The central bank wants to cut rates. The oil price won't let it. That's the trap.
The Setup
Eighteen months ago, markets were pricing five or six Fed cuts for 2026. Today, Polymarket puts the probability of zero cuts at 68%. Not because the economy is booming — because the US-Iran war has put a floor under oil at $90, keeping inflation sticky in exactly the places central banks can't ignore.
Core PCE: 3.3% (US) — above the 2% target with no clear path down
UK services inflation: 5.4% — the number Huw Pill can't look past
Fed real 10-year yield: 2.07% — the highest sustained level in over a decade
Not signs of an economy running hot. Signs of one being squeezed from the outside by a shock that monetary policy wasn't designed to fix.
The UK Version
Britain has been here before. In 2022, the Ofgem cap hit £3,549 a year. The government spent £37 billion blunting the impact. Mortgage rates doubled in months.
The echoes are uncomfortable.

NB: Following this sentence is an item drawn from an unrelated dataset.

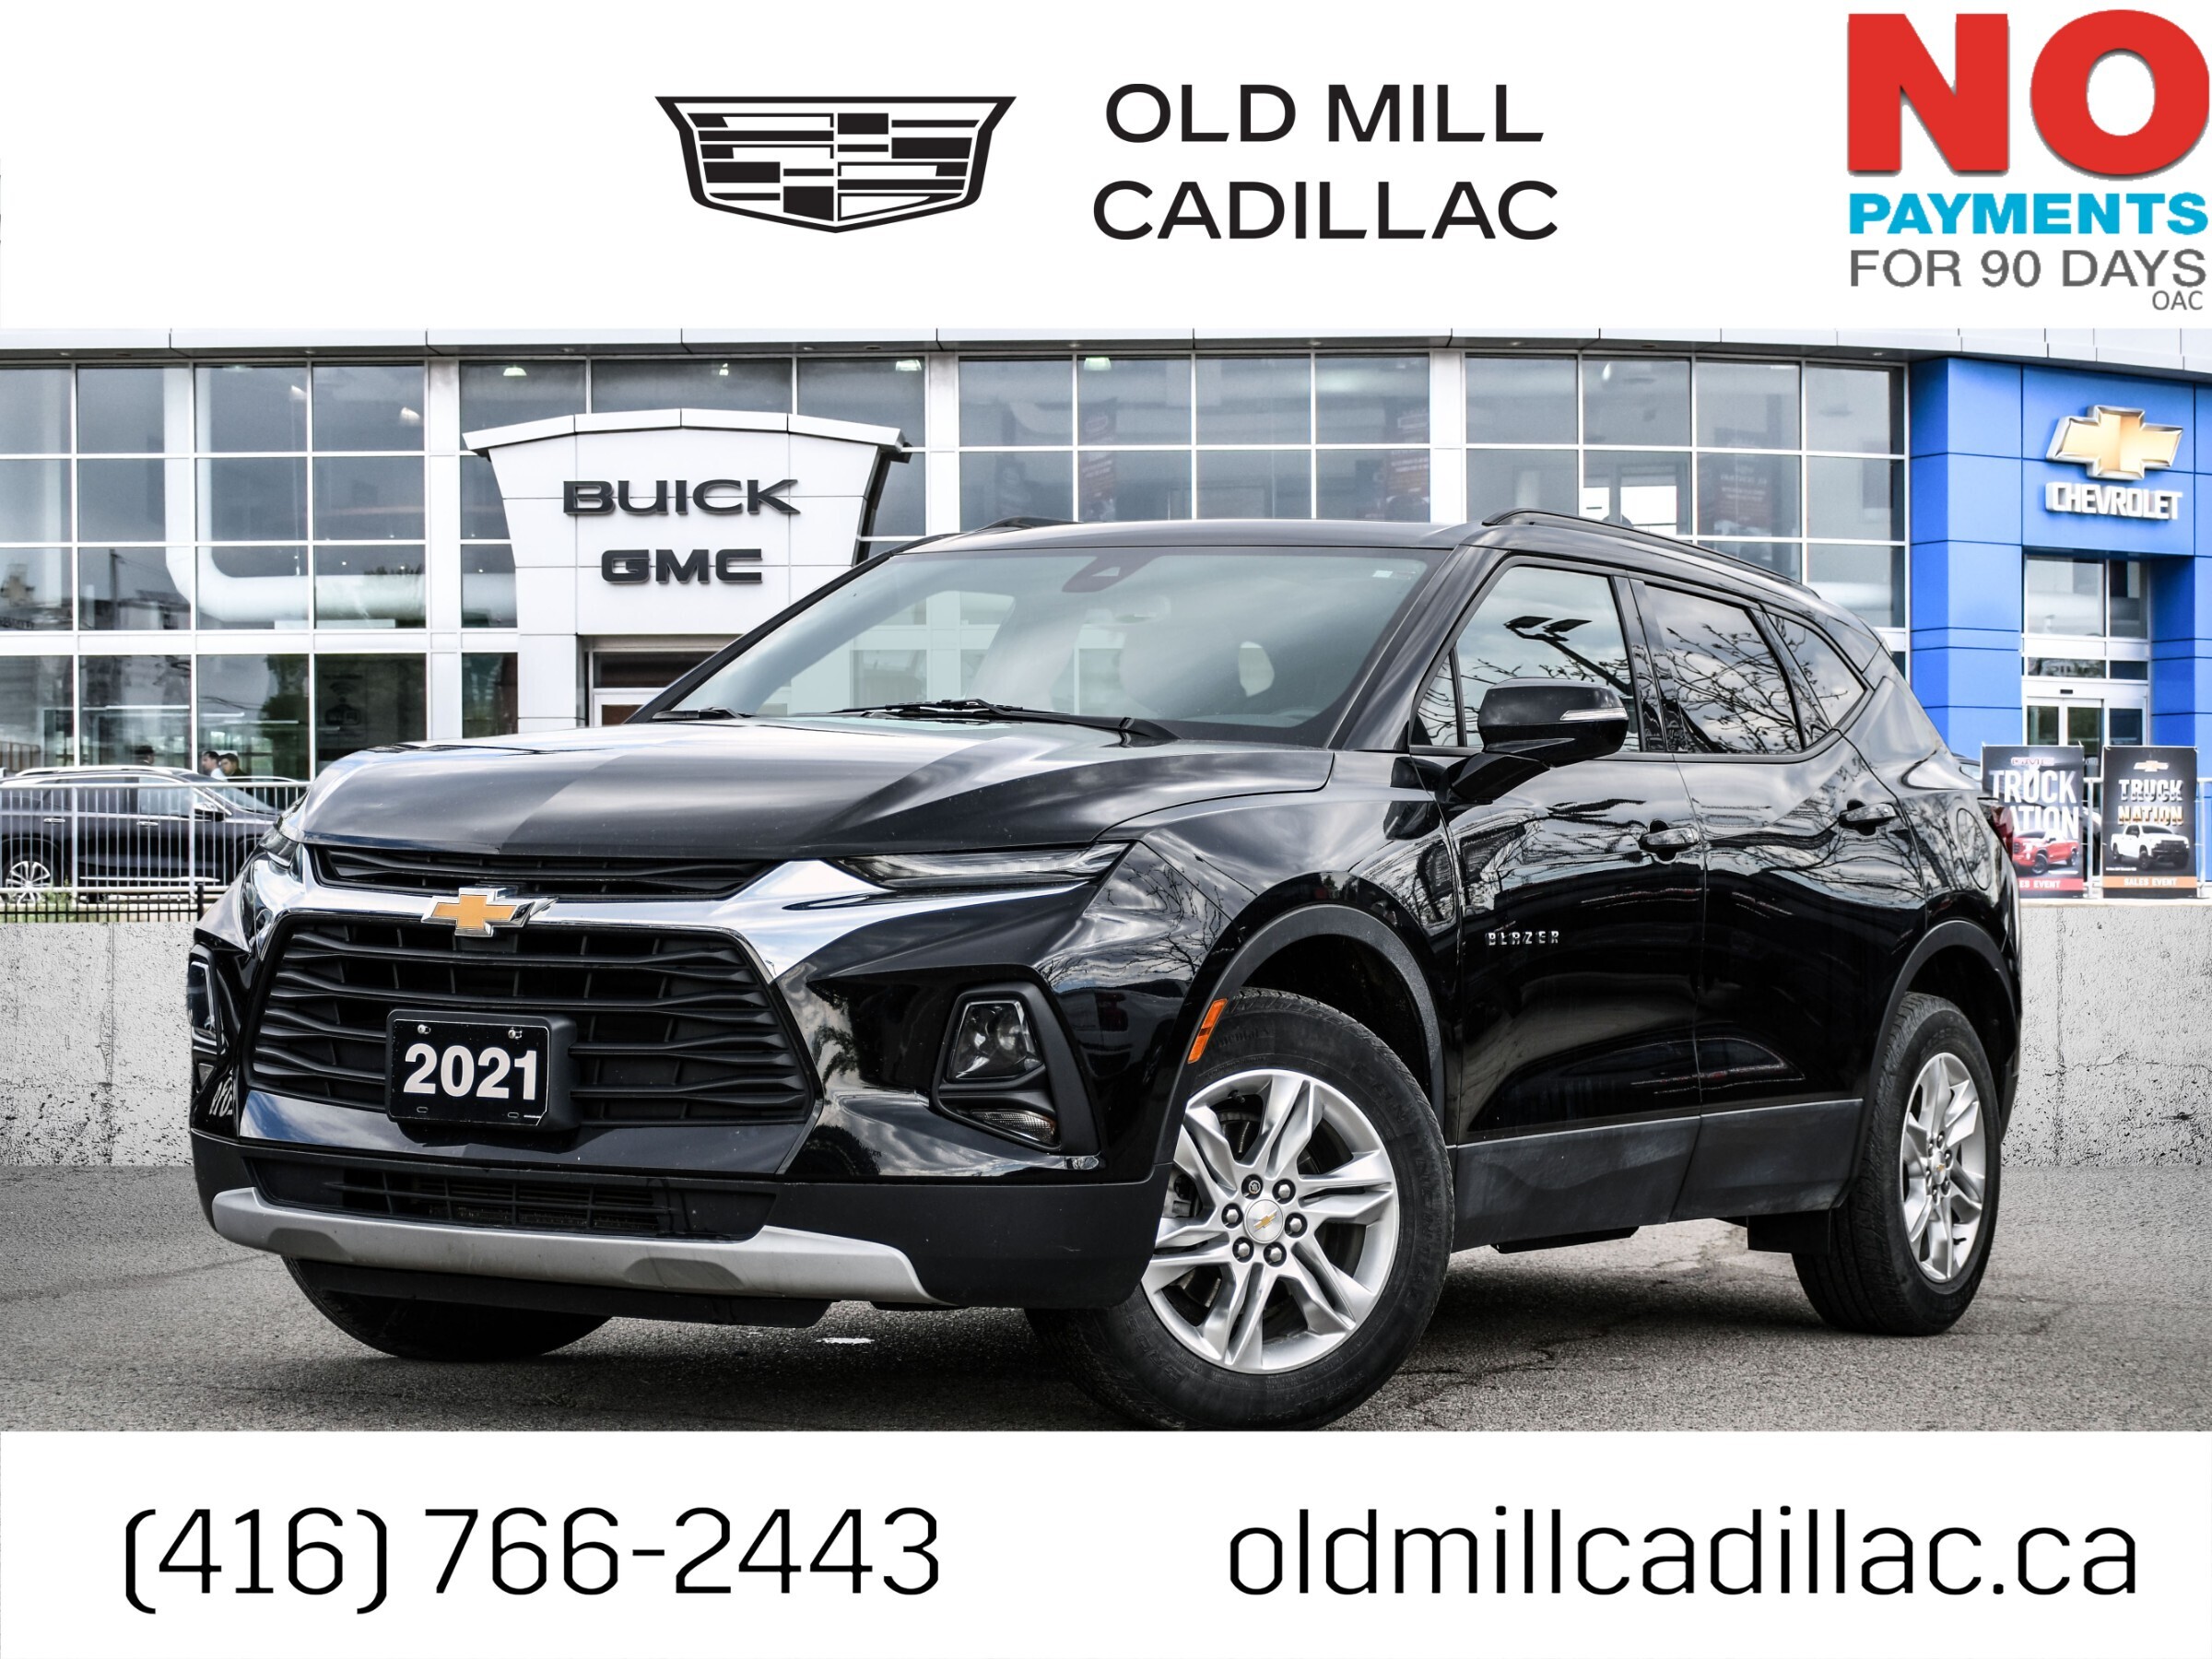 2021 Chevrolet Blazer CLEAN CARFAX | LEATHER | PANO ROOF | POWER TRUNK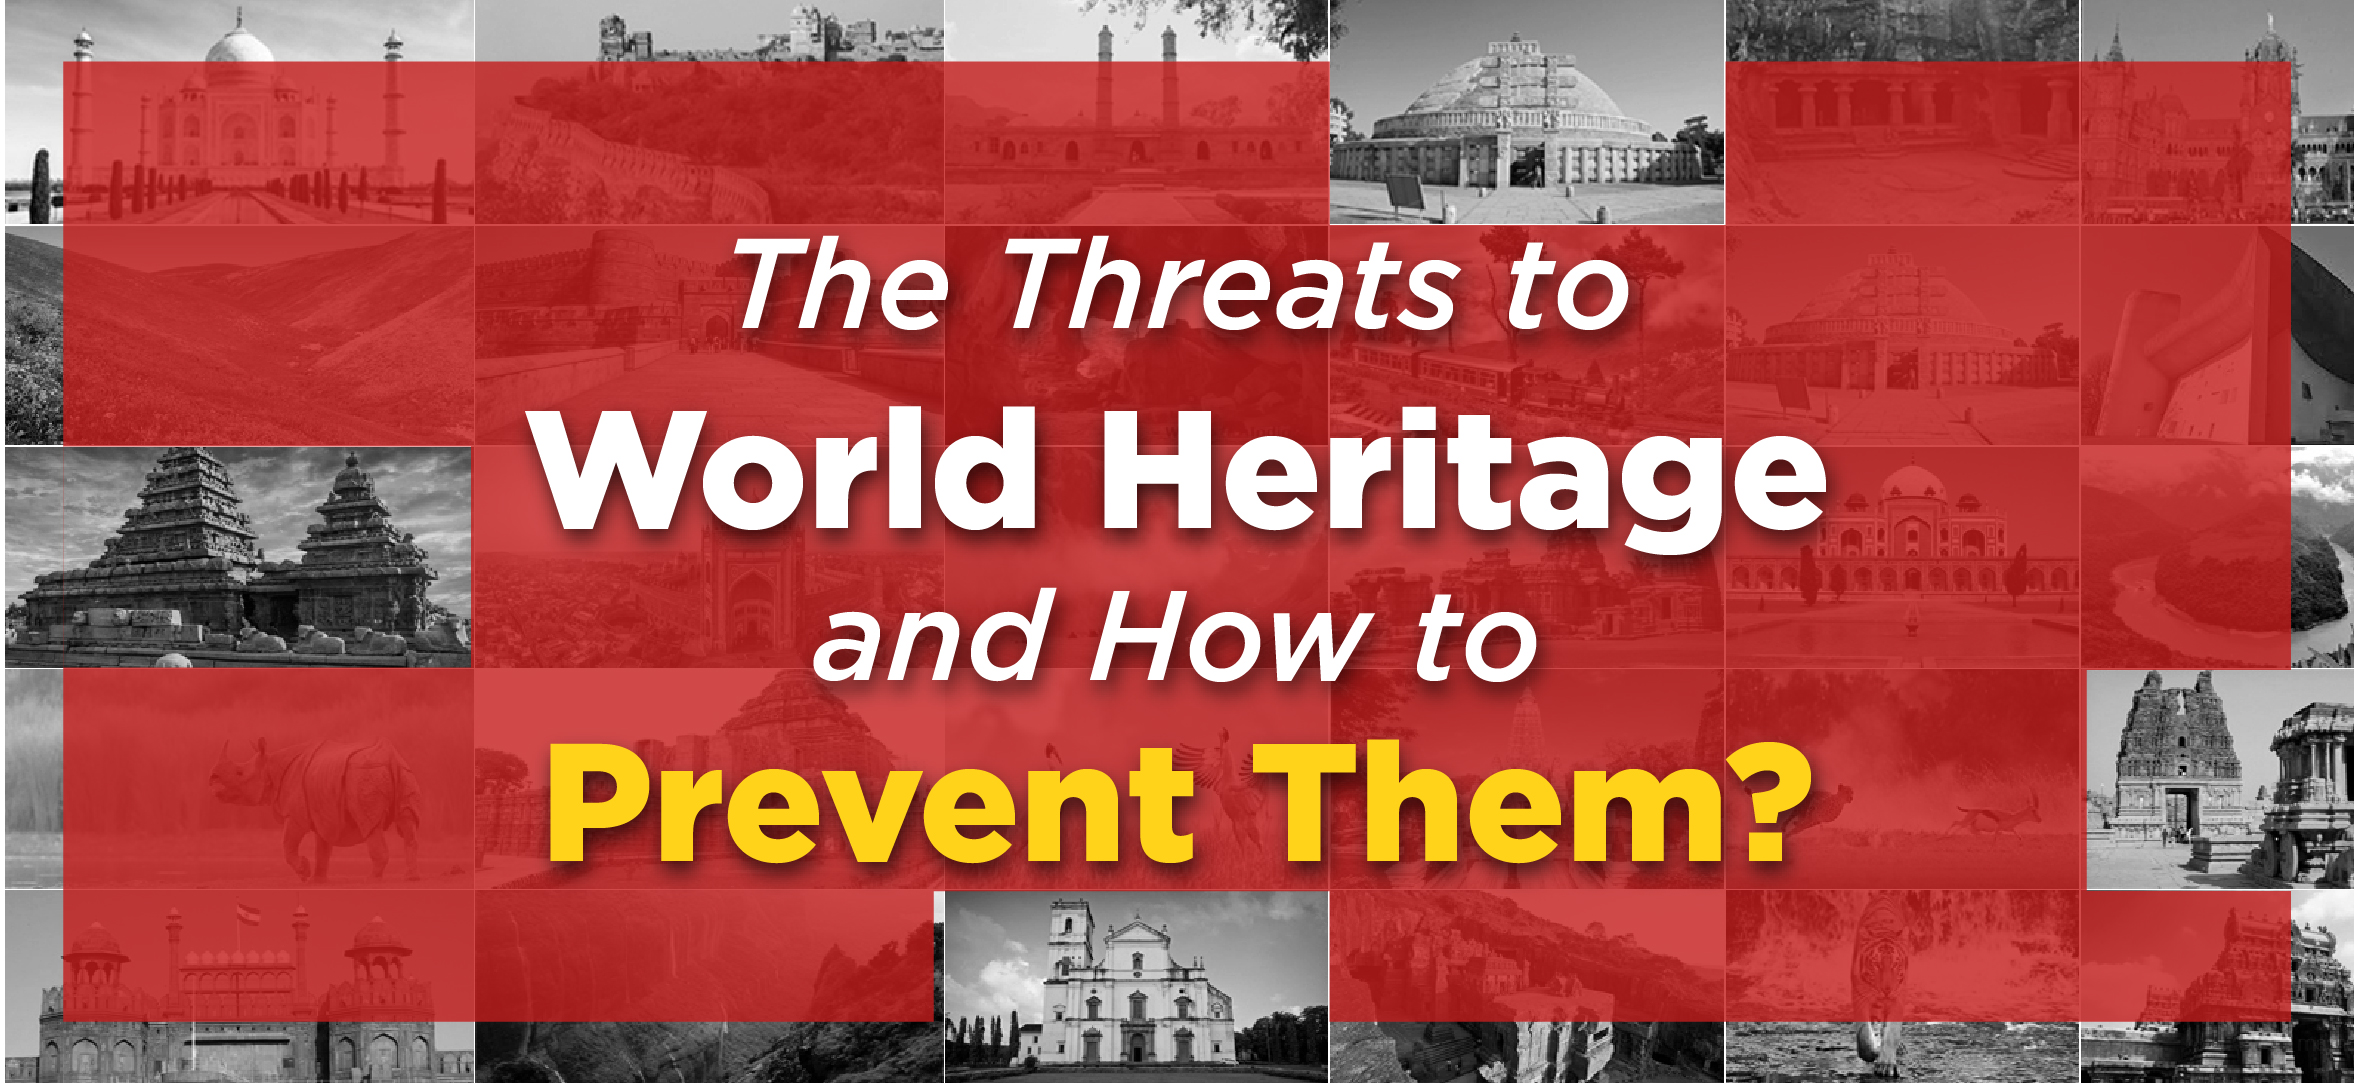 The Threats to World Heritage and How to Prevent Them?

The Q2 2026 cap is £1,849 — still £400 above pre-crisis norms, with another revision expected in July. UK mortgage arrears are up 22% year-on-year. The BOE cut in May, then stopped. June's vote was 5–4 to hold. Chief Economist Huw Pill: "Services inflation is not falling fast enough. We cannot declare victory."
Liz Truss had a mandate, a majority, and a political programme. The gilt market was unimpressed. It didn't vote.
The Asymmetry
Demand-driven inflation has a clean tool: raise rates, cool spending. Supply-shock inflation doesn't. You can't drill your way out of a war. Raising rates can't produce more oil — it can only slow the economy on top of a shock that's already slowing it.
US households are paying $450 more a year on energy than in 2023.
UK borrowers are paying ~£300 more a month on their mortgages than in 2021.
Consumer confidence on both sides of the Atlantic is near multi-year lows.
People can feel it, even when the models move slowly.
The Exit
There is one. A ceasefire takes $5–8 off oil almost immediately. Inflation expectations compress. The case for cuts rebuilds quickly. Markets reprice fast.
But that exit isn't in the gift of any central banker. It's in the hands of diplomats and military commanders.
The trap isn't that central banks made the wrong call. It's that the most important variable affecting their decision isn't on any economic model. It's on a map.